Reputation: 37
I have the following dataframe:
import pandas as pd
import numpy as np
np.random.seed(0)
# create an array of 5 dates starting at '2015-02-24', one per minute
rng = pd.date_range('2021-07-29', periods=5, freq='D')
rng_1 = pd.date_range('2021-07-30', periods=5, freq='D')
rng_2 = pd.date_range('2021-07-31', periods=5, freq='D')
df_status = ['received', 'send', 'received', 'send', 'send']
df = pd.DataFrame({ 'Date': rng, 'Date_1': rng_1, 'Date_2': rng_2, 'status': df_status })
print(df)
I would like to print out all the rows if at least one column contains a date that is equal to, or at least 2021-08-01. What would be the most effective way to do this?

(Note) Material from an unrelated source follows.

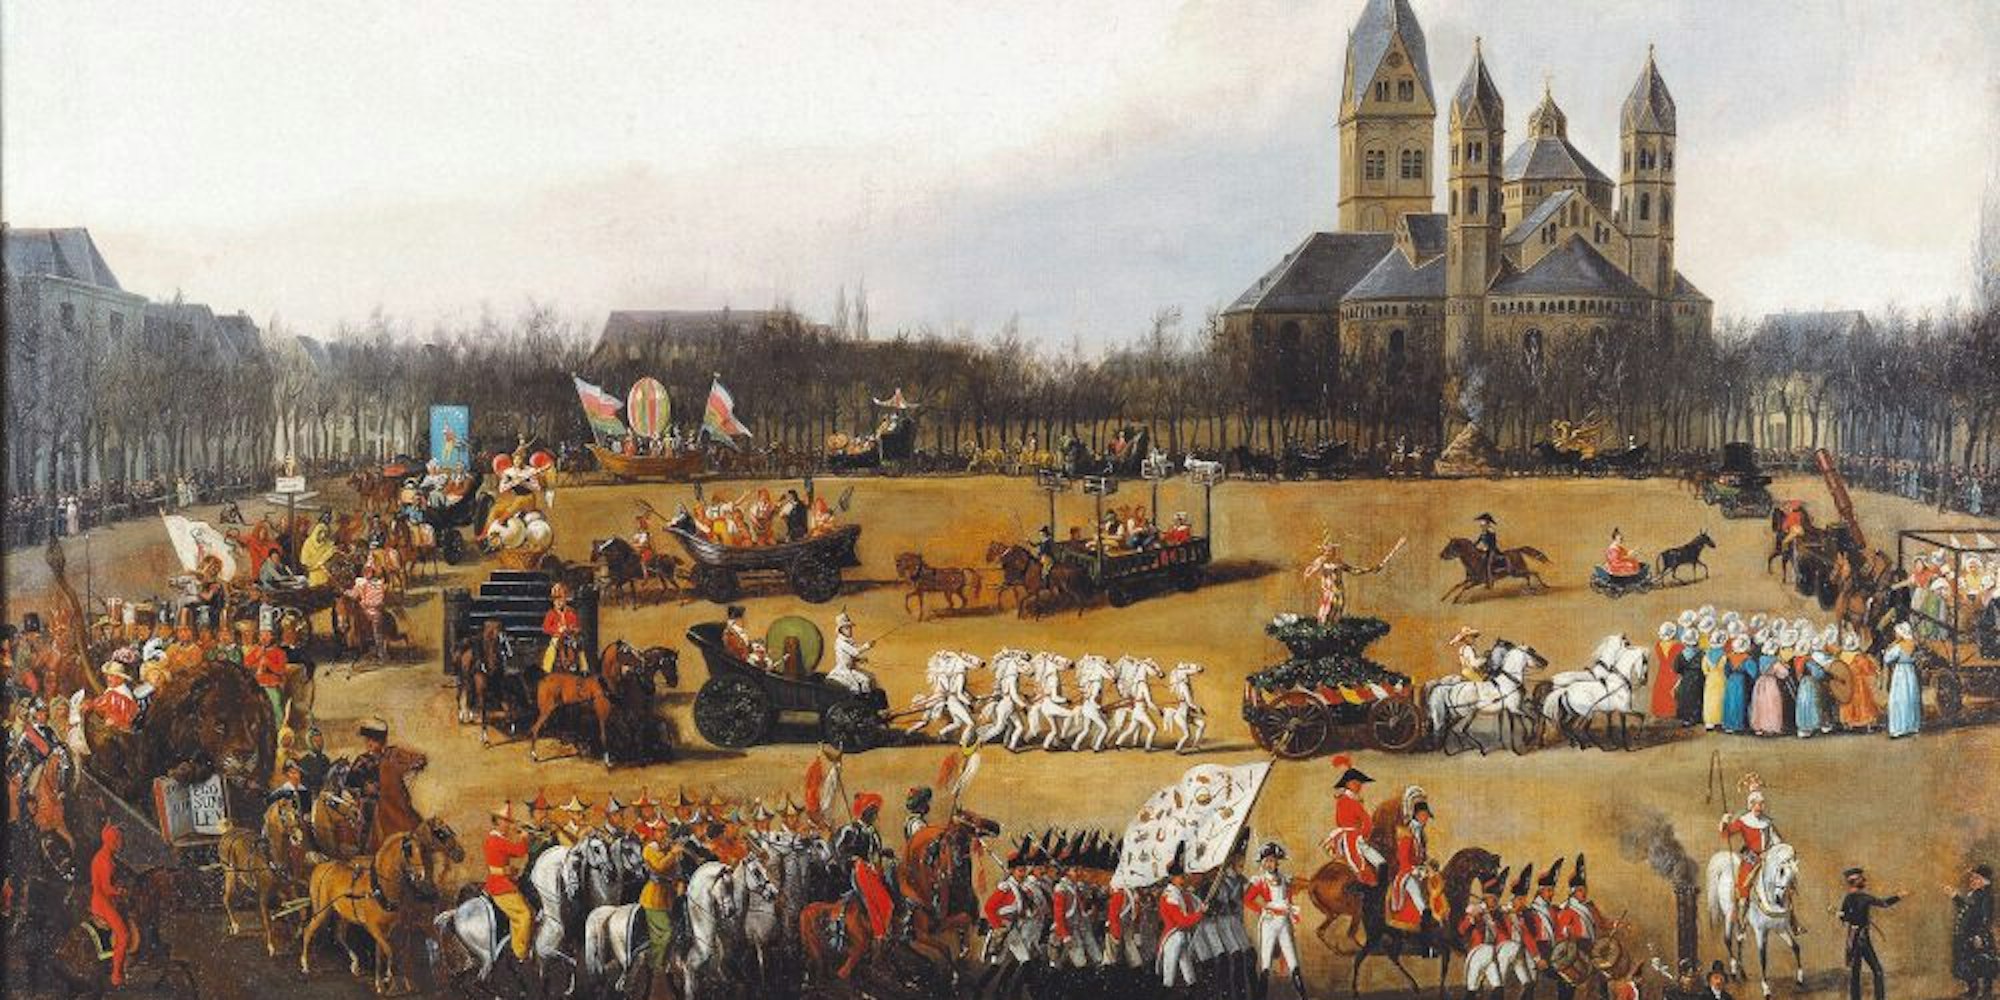 Held Carneval: Simon Meister malte den Rosenmontagszug auf dem Neumarkt 1836.

I have tried to do this with the following code, however, I get the following error:
start_date = '2022-08-01'
start_date = pd.to_datetime(start_date, format="%Y/%m/%d")
mask = (df['Date'] >= start_date | df['Date_1'] >= start_date | df['Date_3'] >= start_date)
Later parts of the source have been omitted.